The program then analyzes the call graph to find the deepest or earliest functions that meet these requirements. By running the program multiple times on the same input, you can abuse ASLR to determine which variables are pointers since they always change in values, representing different memory addresses, while always pointing to the same data. We then build a harness skeleton by reconstructing all the function prototypes, combining static analysis plus traces from earlier dynamic analysis. Is also important to avoid irrelevant calls with multithreaded programs – often only one thread does things interesting while the other threads do nothing or perform irrelevant behavior. It is possible to do this by using logged thread IDs to make sure we only analyze one thread at a time.
The final challenge is to identify control flow & data flow dependencies. To resolve control flow dependencies, static analysis is used. If functions are called in sequence, then implement that same sequence in the harness. Complicated programs cannot be analyzed by Winnie and these issues must be resolved manually. To resolve dataflow dependencies, cases where return values are used as arguments for other functions, Winnie attempts to connect variable usage across multiple call locations.

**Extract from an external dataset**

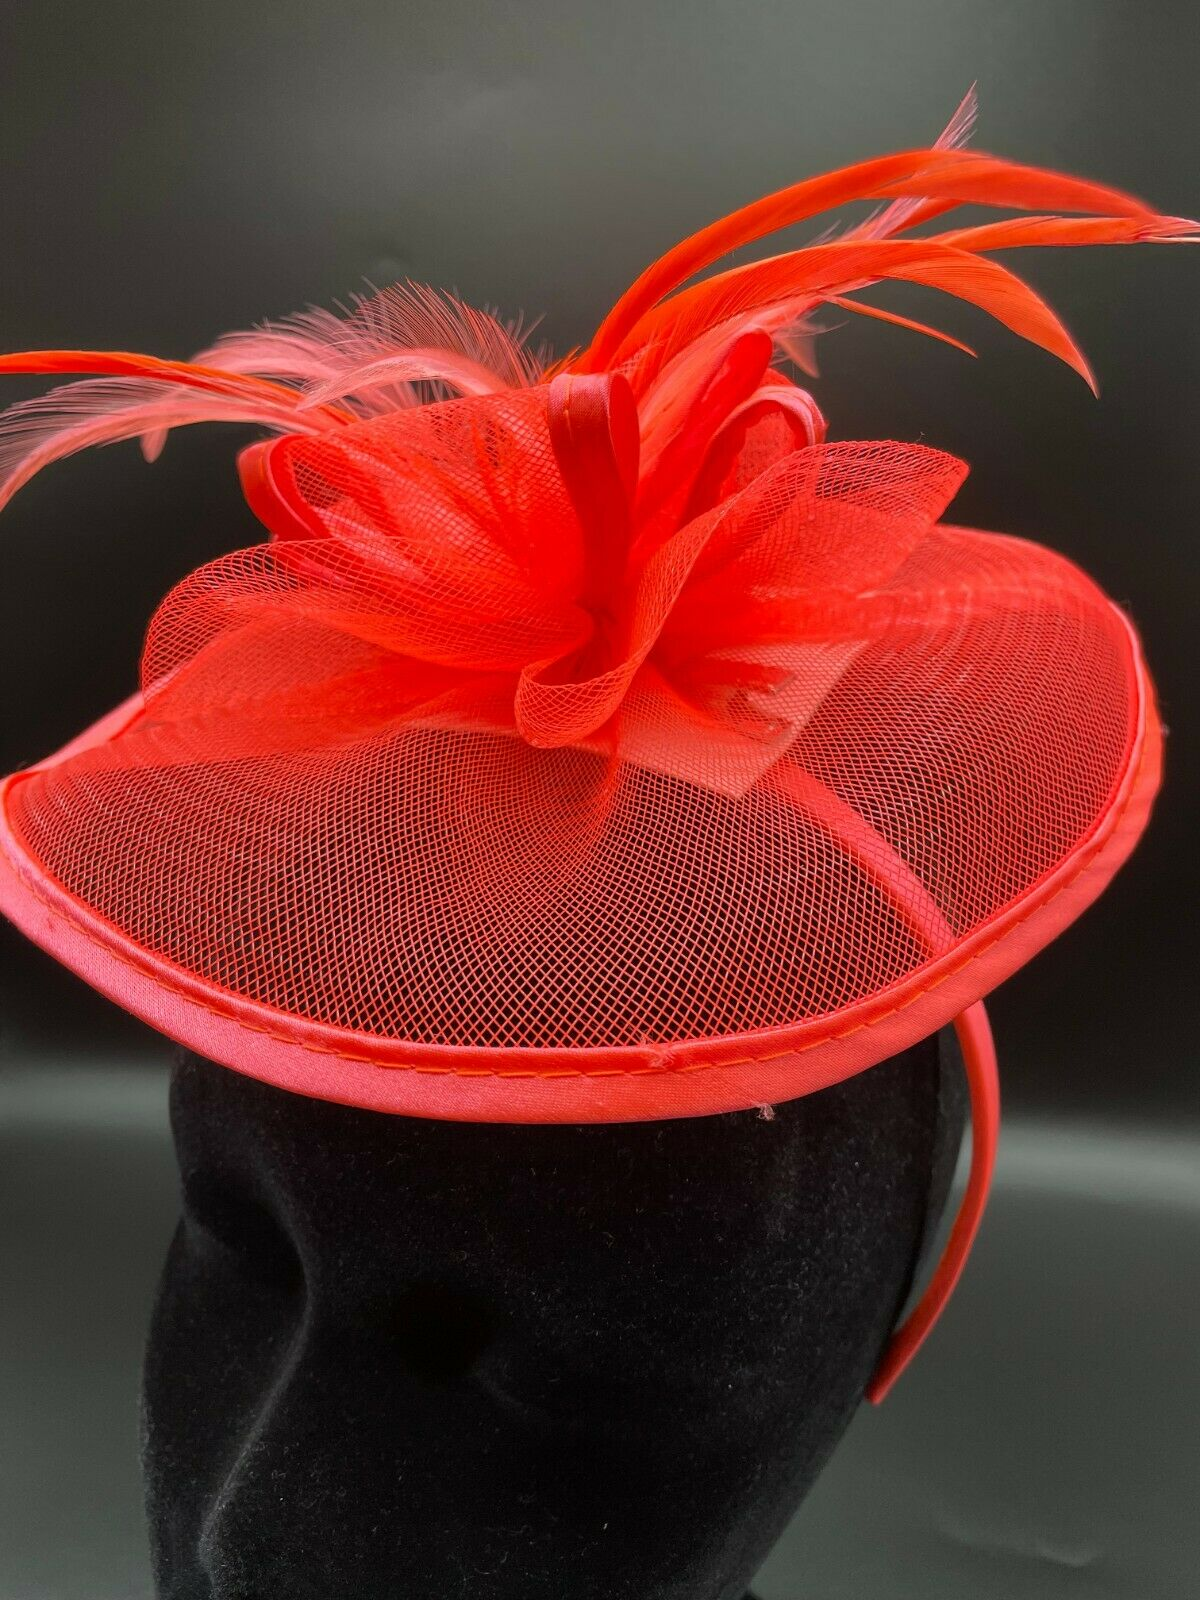 * New bright coral pink fascinator + FREE headband clip on wedding hat formal

Finally test performance of each harness and make sure code coverage increases.
Forking
The papers implementation of forking in windows is a direct follow up to previous work in forking in windows. An overview can be seen in the picture found in the paper:
The authors implement a version of CSRSS with Copy-on-Write support. Overall, the implementation follows a standard unix-like implementation of forking but with the engineering constraints of Windows.
Evaluation
The evaluation section of the paper attempts to answer 4 research questions about WINNIE:
- Can WINNIE test a large variety of Windows application?
- How efficient is fork on versus other modes of fuzzing like persistent mode?
- How effectively can WINNIE create fuzzing harnesses from binaries?
- Can WINNIE discover new program states and bugs from real world applications?
The majority of the evaluation is dedicated to comparing against the commonly used WinAFL, a windows implementation of Windows with less general support for forking. WinAFL was configured
Some interesting things from the evaluation:
- Winnie works on all 59 programs tested; WinAFL crashes around half of the 59.
- Winnie compared to stable WinAFL had a 31 times speed up
Discussion
- Is this paper more engineering work then scientific contribution?
- Good science: Automatic harness generation system– implemented for the first time on closed src programs, all other solutions require open source
- Bad science sell: “Hey, we fuzz GUI programs in Windows”
- Good science sell: Hey, we need forking / GUI fuzzing
(Take things from a problem solving perspective) Did not mention or deal with the other windows fuzzing paper: “Designing New Operating Primitives to Improve Fuzzing Performance” Danger of resubmitting papers: reviewers copy paste the reject reviews from earlier submissions
- paper sometimes have been accepted after six re-submissions
- Taking the recommended improvements that reviewers leave and implementing them often are simple enough to take rejected papers and make them accepted
Practical paper: future development and actual usage of Winnie will determine how successful or impactful this paper will be.